Moore manuscript passage, Historia Ecclesiastica page 156,
fol. 74v and translation
So, Chad died on the 2nd of March (672), and was first buried by St. Mary's Church.
Archaeology in 2003 showed the grave was apparently within
a shrine tower, 7 m x c. 7 m. externally and 5m x c. 5m
internally; the east wall was undetermined. The floor was cobbled stone and
offset to the north was a grave cut into the bedrock (0.8m deep) c. 2m
long and c.2m wide. (see the post, ‘Making sense of Chad's grave, St
Peter's cathedral, St Mary's church and a shrine tower’ for the strong evidence
this was Chad’s grave). It is assumed Chad’s relics were taken from this site
in the 10th, 11th or 12th century since there is no mention in documents of an
alternative.
Bede stated Chad’s grave was near the
church of St Mary, so it is presumed this cemetery church was not far from the
east end of the nave. There is evidence burials were at the east end of the
church. The passage also mentioned a church dedicated to the blessed apostle St
Peter. So, were there two churches at the time of Chad’s death? Generally, the
primary Early Medieval (Anglo-Saxon) church was dedicated to an apostle,
especially Peter the rock on which the church was built. It later acquired a
lesser, secondary church dedicated to the Virgin Mary. This pairing of churches
with St Mary being secondary includes Canterbury, Ripon, Monkwearmouth,
Glastonbury, Lindisfarne, Lastingham, Malmesbury, Hackness and Whitby. This
list of secondary Marian churches shows if Lichfield has St Mary first it is significantly
anomalous.[4]
A first church dedicated to St Peter is consistent with Biblical teaching, was
the convention across Europe and the most likely arrangement at Lichfield. In
pairs of churches with a saint’s shrine, the church was west to the shrine. This
follows Glastonbury, Whithorn, Hexham, Wells, Worcester, Winchcombe, Ripon,
Gloucester and possibly Bradford-on-Avon. Therefore, it could be assumed the
church of St Peter was at the west end of the nave. If Bishop Wilfrid was
involved with organising, even dedicating, the churches, it is most likely the
church of St Peter was built first, then St Mary and after Chad’s death the
shrine tower. The whole complex would be a monasterium, later a mynster,
or minster.
The misunderstanding
Bede’s text was translated by Latinists with little or no knowledge of the history of the site and especially the archaeology of 2003. The conventional translation has been, Chad died on the 2nd of March, and was first buried by St. Mary's Church, but afterwards, when the church of the most holy prince of the apostles, Peter, was built, his bones were translated into it.[5] This version came from Charles Plummer, 1896.[6] Somehow, this became, The cathedral established by St Chad, 669–72, was presumably the church dedicated to St. Mary near which he was buried. In 700 his remains were transferred to a funerary church, apparently dedicated to St. Peter. [7] The spurious date of 700[8] was added in the 14th century from a text that is wholly unreliable. There have been other translations which differ in small ways.[9]

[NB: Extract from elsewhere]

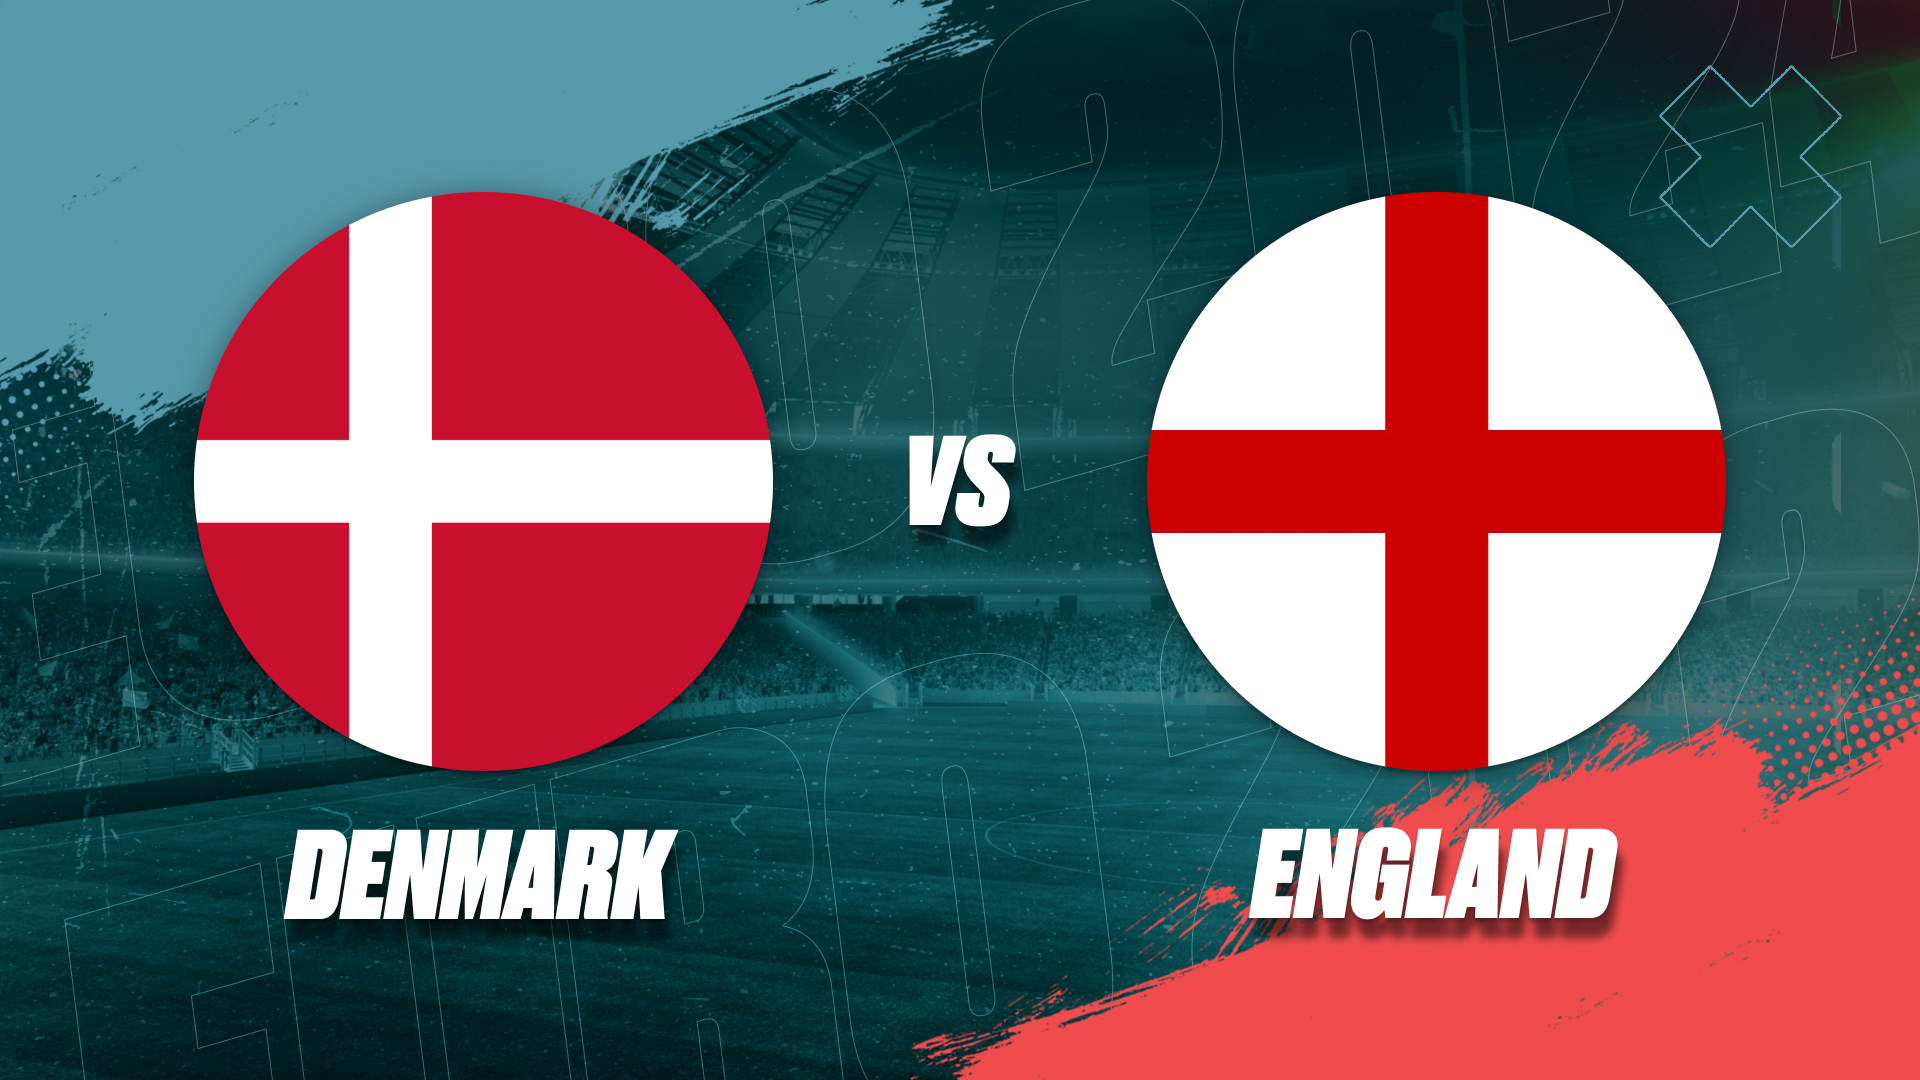 England’s Draw Against Denmark: A Reality Check for the Three Lions

The misunderstandings arise from the imperfect translation of ‘postmodum constructa ibidem’. Postmodum is imprecise in meaning and can be afterwards (the usual interpretation) or presently or shortly. Alternatively, Latinists consulted by the author have suggested the following, ‘postmodum can be linked with different expressions in the phrase, and this affects the sense. Since it is obviously a contrast to primo (‘first burial’), it is likely to refer to the movement of the bones.’ Another wrote, postmodum in the sentence could theoretically refer either to the time of the burial, Chad was buried at St Mary's his remains were subsequently transferred to St Peter's, or instead to the relative timing of the construction of St Peter's. Normally, a comma would be either after or before postmodum to indicate the editor's interpretation; it would be interesting to know, though by no means decisive, whether there are any marks in the manuscripts. The first interpretation seems to me the more natural one. but I would say that the second is at least suggested at the same time. Which means it is more likely to refer to Chad’s bones being translated to a different position and less likely to refer to one church following after another church.
Constructa
is an unusual word. Bede uses the word constructa on three other occasions in his book
and all refer to the building of memorial shrines to individuals and not to the
building of churches. Namely, where King Oswald died on a battlefield, for
Saint Fursa’s final resting place and in a letter to Abbot Mellitus from Pope
Gregory giving instructions for building new shrines where there were heathen temples.[10]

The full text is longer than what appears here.